Population (2023-12-31)
- • Total: 1,069
- • Density: 99.72/km^{2} (258.3/sq mi)
- Time zone: UTC+01:00 (CET)
- • Summer (DST): UTC+02:00 (CEST)
- Postal codes: 24813
- Dialling codes: 04331
- Vehicle registration: RD
- Website: www.amt- jevenstedt.de

= Schülp bei Rendsburg =

Schülp bei Rendsburg (/de/, lit. 'Schülp near Rendsburg') is a municipality in the district of Rendsburg-Eckernförde, in Schleswig-Holstein, Germany.

The village lies on a sandy elevation directly south-west of Rendsburg on both sides of the Kiel Canal, the water way that connects the North Sea with the Baltic Sea. Schülp is roughly at the half-way mark of the Kiel Canal and there is a pilot station in Schülp where the pilots that accompany ships on their journey through the canal change.

==History==

Some flint artifacts (scrapers, hatchets) from the Neolithic period (around 4300–2300 BC) are the oldest traces in today's municipal area.

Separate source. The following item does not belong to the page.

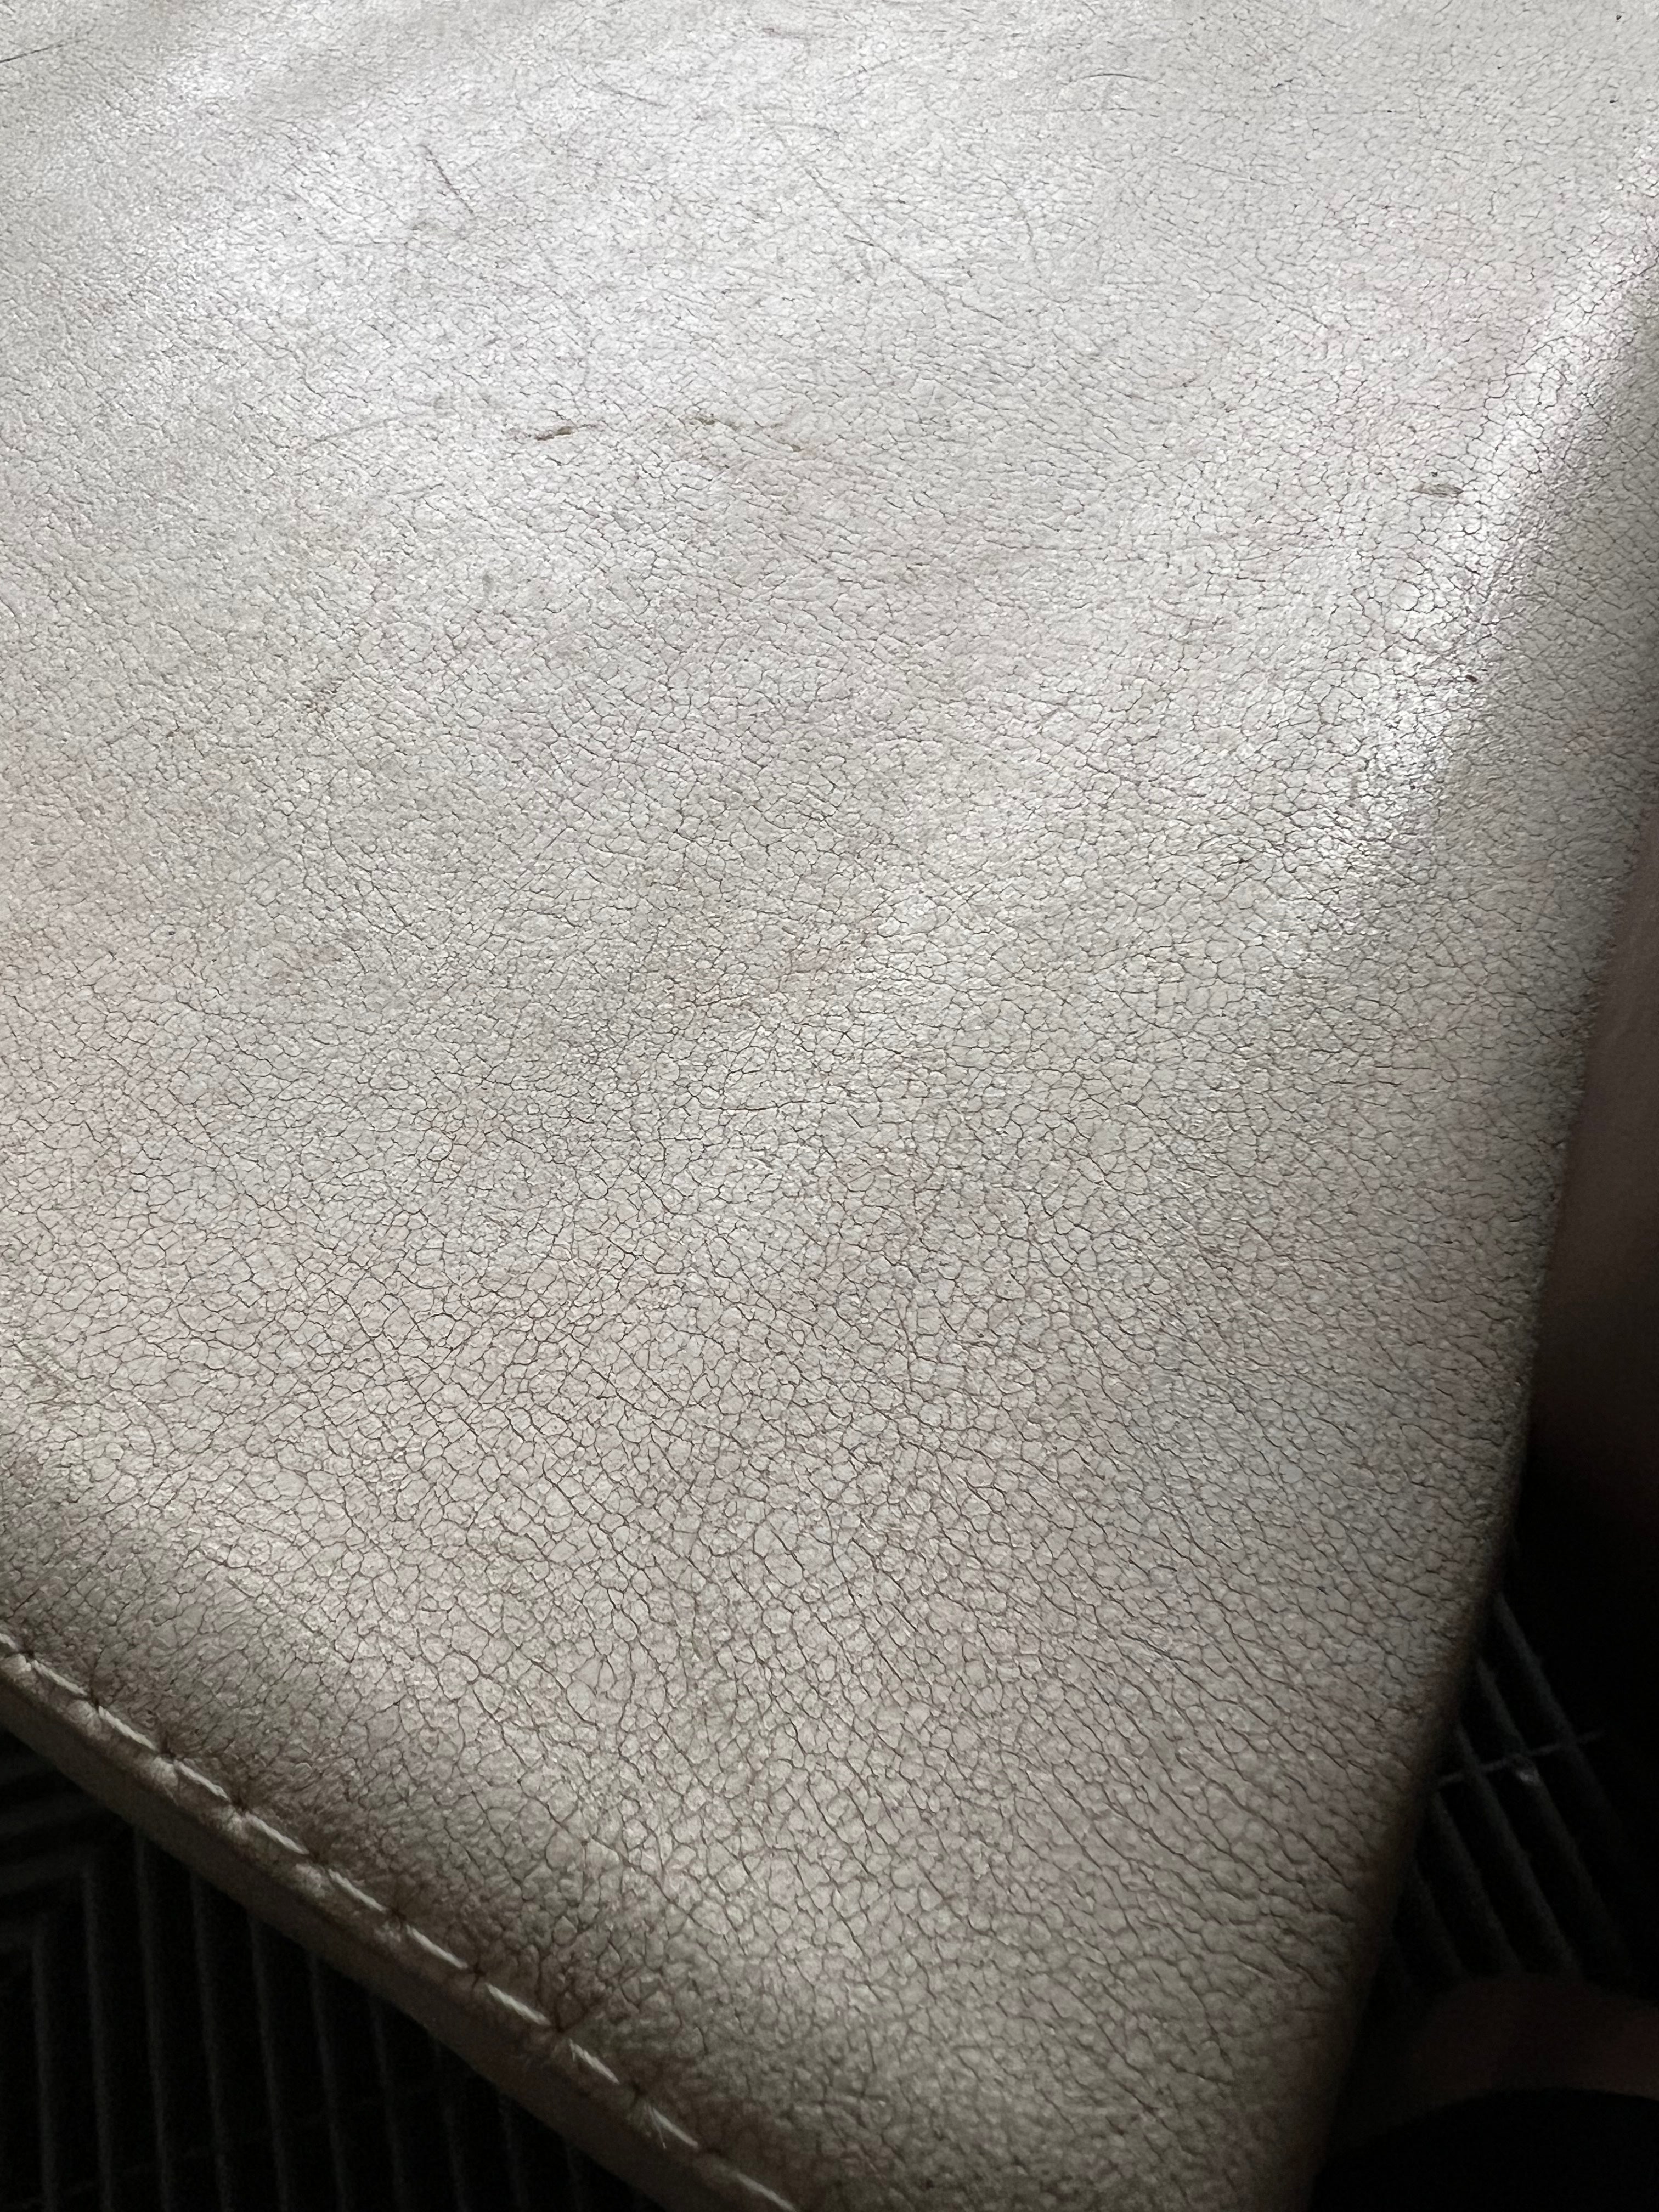 How To Repair Cracked Leather

It is unknown when exactly the settlement from which today's Schülp originated was founded. In any case, it was located on a ford of the Eider, which was important for north–south traffic across the Jutian peninsula (Bernsteinweg / Ochsenweg). The chronicler Helmold von Bosau (before 1120 to after 1177) reports in his Slavic Chronicle that around 1149 the Holstein Count Adolf II fought a battle with Danes and Dithmarschers near Schülp. The battlefield was located around the northern municipal boundary, where an Eider ferry ran until the Kiel Canal was built. From the north, the Heerweg met an easily passable ford coming from the direction of Nübbel.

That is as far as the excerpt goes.